Mas o Waldir Pires e a esquerda baiana entregaram a Bahia de volta na mão dele, de bandeja. Quando chega nessa hora, vem todo mundo em cima de mim, umas pessoas completamente desmoralizadas, jornalistas cujas biografias não merecem o menor respeito, e escrever no jornal: “É muito curioso ver o silêncio dos baianos. Caetano Veloso…”.

No entanto, faz tempo que você vem sendo associado ao ACM. De onde acha que vem essa identificação? 

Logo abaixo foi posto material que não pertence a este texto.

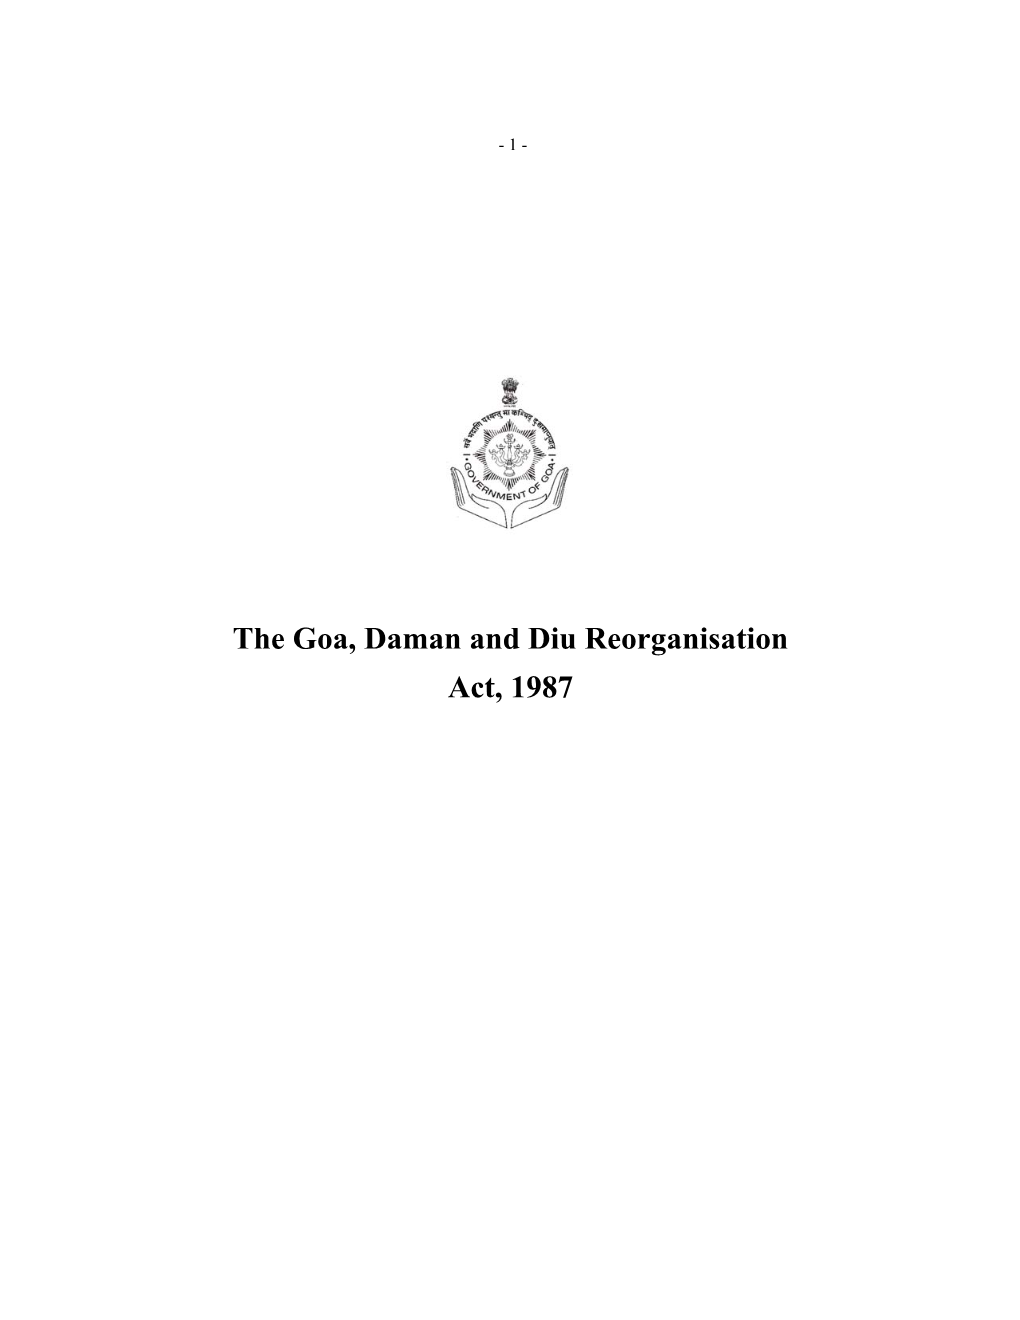 The Goa, Daman and Diu Reorganisation Act, 1987
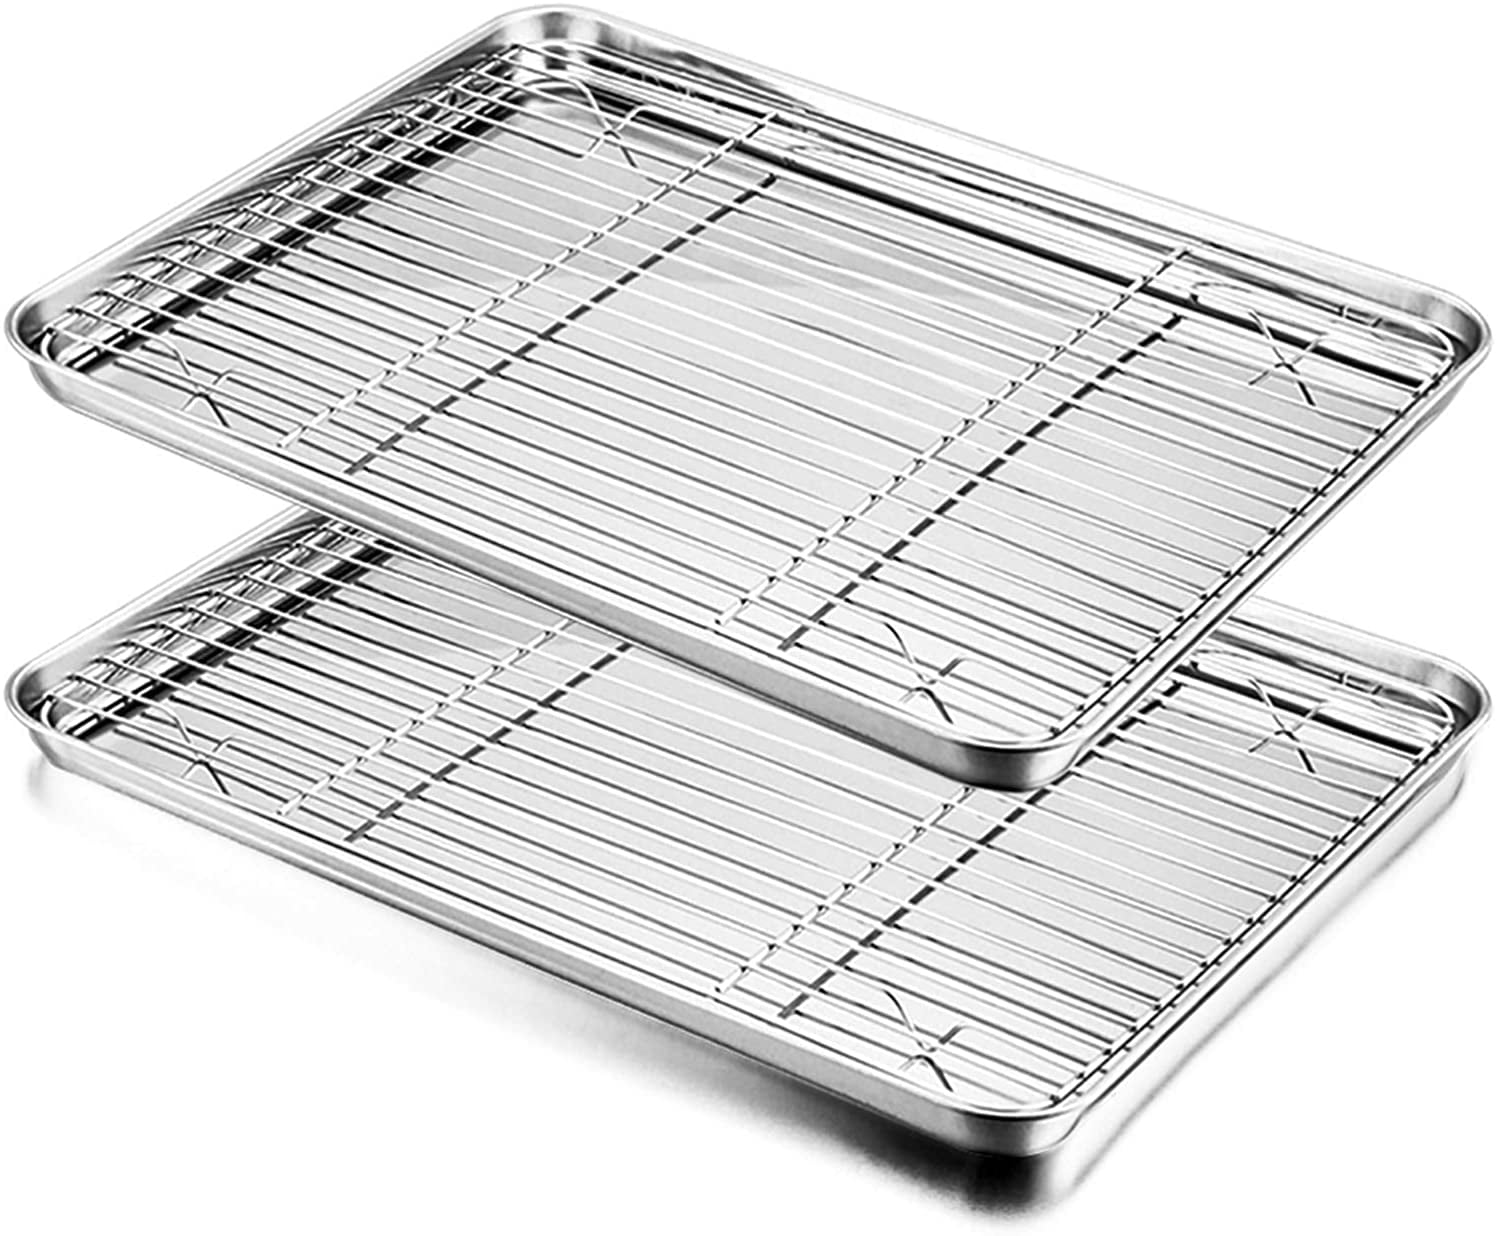 Stainless Steel Cookies Sheet Baking Pans-Cooling Roasting Rack 4 Pcs 16x12x1"

CAETANO Vem de quem quer dizer. Porque sou baiano, ele é baiano e as pessoas querem que a gente seja o papagaio deles. Que eu seja repetidor dessa oposição de esquerda muito mal articulada que existe no Brasil. Que nada propõe. Ou a gente repete os preconceitos deles ou está contra. Eu nunca repeti. [Dispara] A esquerda me vaiou o tempo todo durante os anos 60, fui preso pela ditadura militar de direita debaixo da vaia da esquerda. Saí, fiquei exilado dois anos e meio e, quando voltei, no dia que eu botei o pé no Brasil, O Pasquim já começou a meter o pé em mim. Em nome de uma posição de esquerda que eles queriam que eu assumisse. E eu não me assumo! [Furioso] Não sou obrigado a ter uma opinião que alguém quer que eu tenha. Tenho minhas próprias e sou responsável por elas. Quem não aguentar que vá à puta que pariu! Isso veio porque veio. Se viesse outra coisa, eu enfrentava da mesma maneira, tentaria ser feliz do mesmo jeito. E quem não quiser vá tomar no cu. É só o que eu tenho a dizer ao povo brasileiro, à oposição e à puta que pariu.

Lobão, a letra da sua música também faz uma associação entre Canetano e ACM: “Um beijo no seu lado superbacana/ Um borracha no dark side-macbeth-acima, por enquanto”.

LOBÃO Não. Eu falo do ACM porque vivi um episódio pessoal lá na Bahia. Cheguei para dar um show e tinha duas câmeras. TV Aratu e TV Bahia, transmitindo ao vivo. Aí falei, muito cara de pau: “Qual das duas o Toninho Malvadeza pagou?”. Nesse momento, pessoas amigas e populares falaram: “Você vai morrer”. Na hora do show houve uma vingança: não havia policiamento. Ele [ACM] deve ter tirado o policiamento, ficou satisfeito e ponto final. Outra coisa que me deixa grilado: teve uma época em que se a gente ia para a Bahia e só podia fazer show abrindo para o Asa de Água, Chiclete com Banana, essas coisas…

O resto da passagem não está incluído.